#### [Work item]
In the records below, find the line with "A Thomas Cook" and repeat exactly every line from it through the line with "Si vous ne savez". Pictures stay out.

#### [Dataset records]
··········
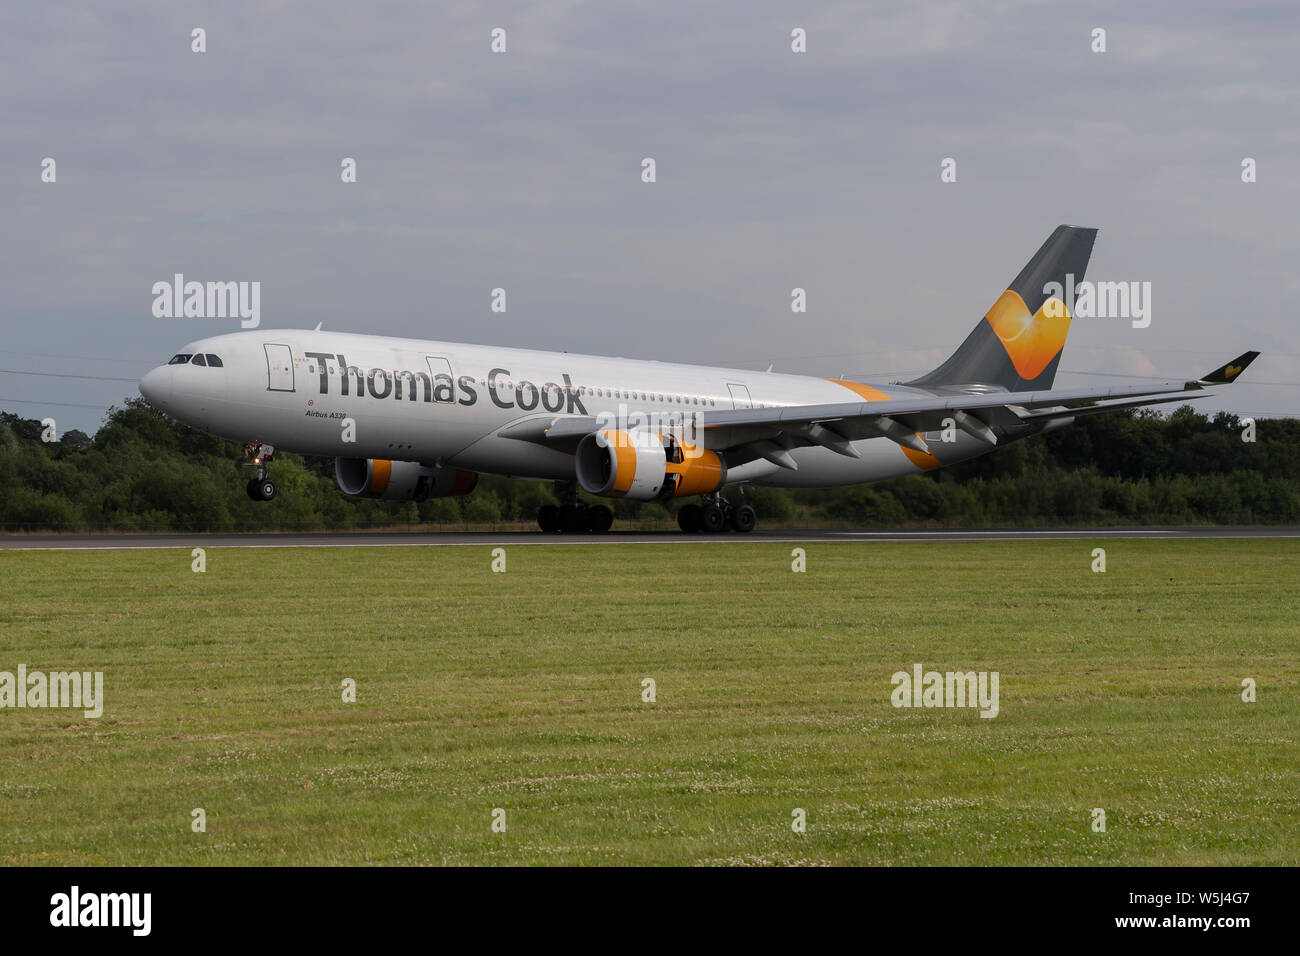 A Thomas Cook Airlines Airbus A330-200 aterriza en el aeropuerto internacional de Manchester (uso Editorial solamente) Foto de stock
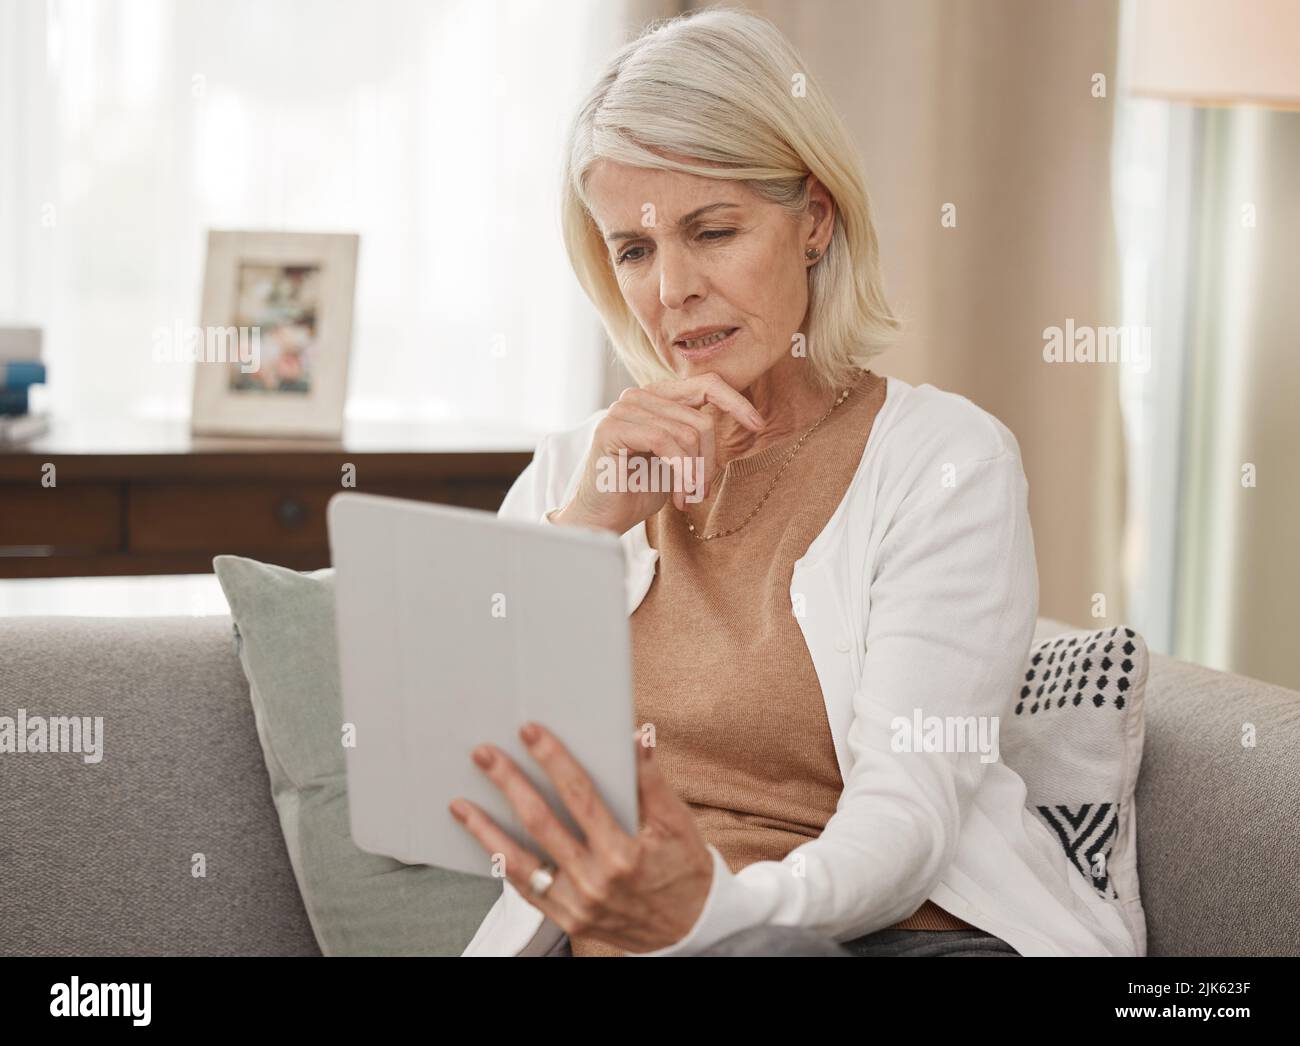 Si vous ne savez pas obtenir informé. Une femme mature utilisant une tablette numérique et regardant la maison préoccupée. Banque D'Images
··········
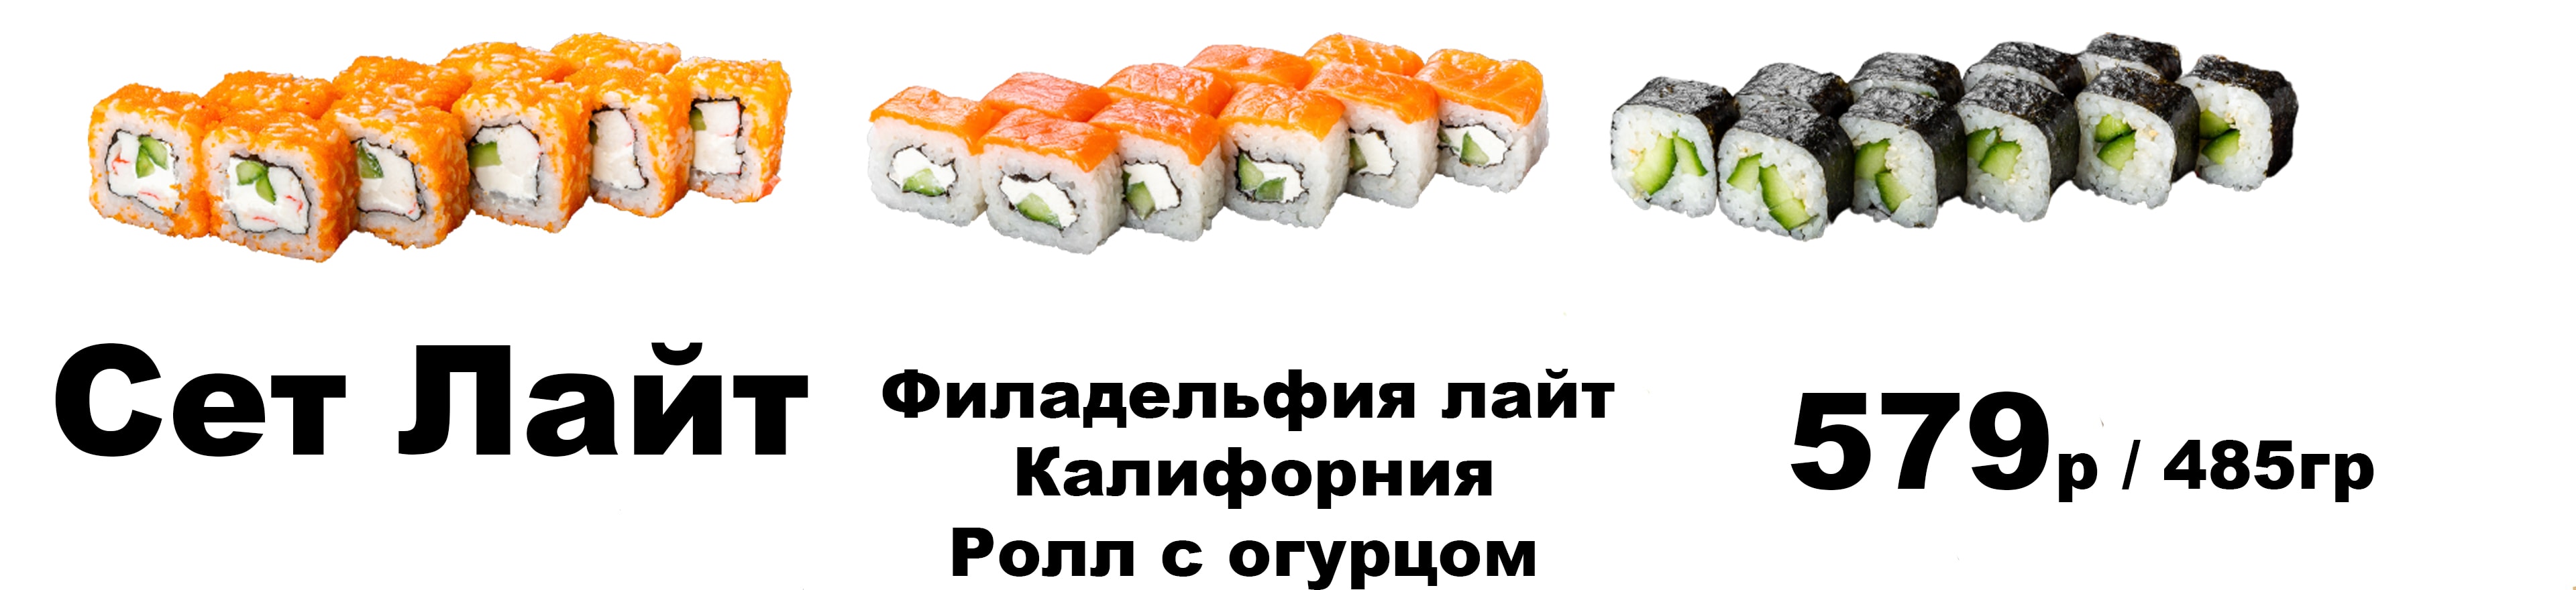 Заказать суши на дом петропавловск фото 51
··········
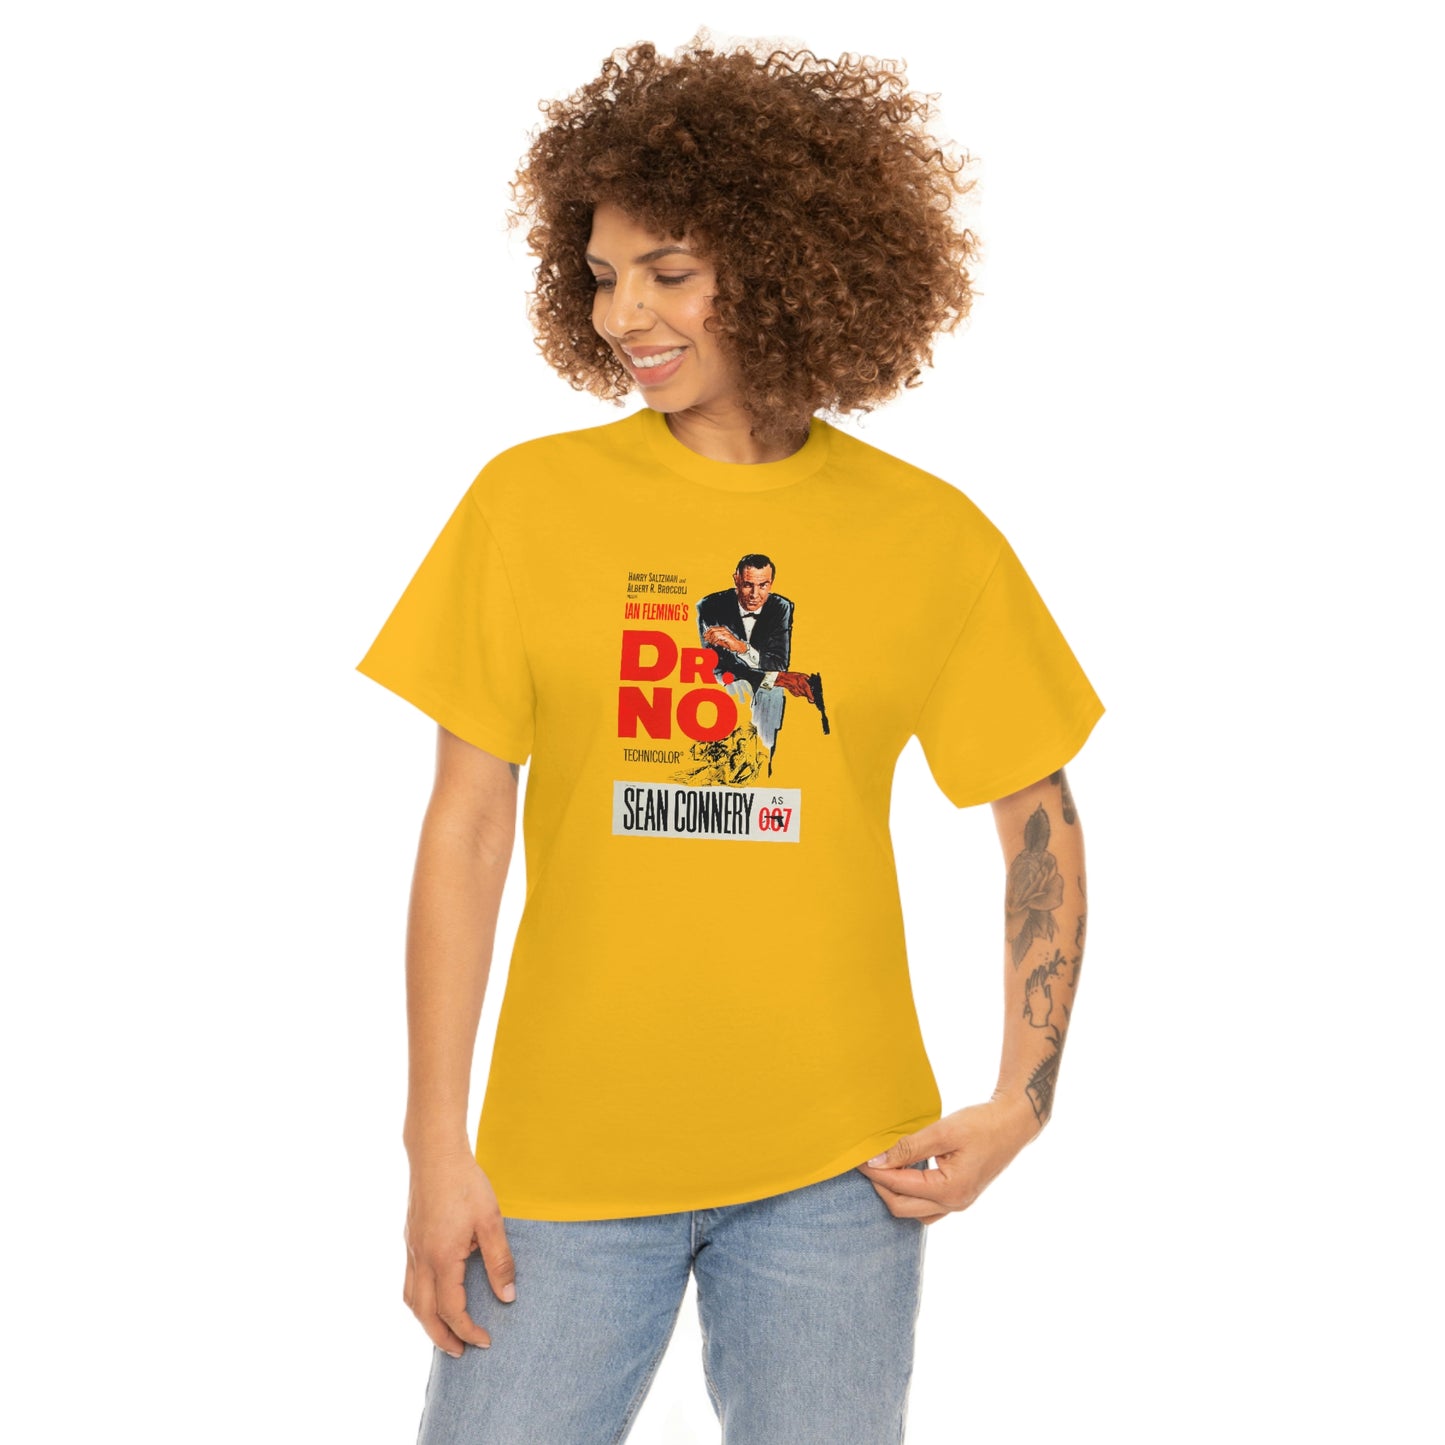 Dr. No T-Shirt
··········
#### [Answer for this exercise]
 A Thomas Cook Airlines Airbus A330-200 aterriza en el aeropuerto internacional de Manchester (uso Editorial solamente) Foto de stock
 Si vous ne savez pas obtenir informé. Une femme mature utilisant une tablette numérique et regardant la maison préoccupée. Banque D'Images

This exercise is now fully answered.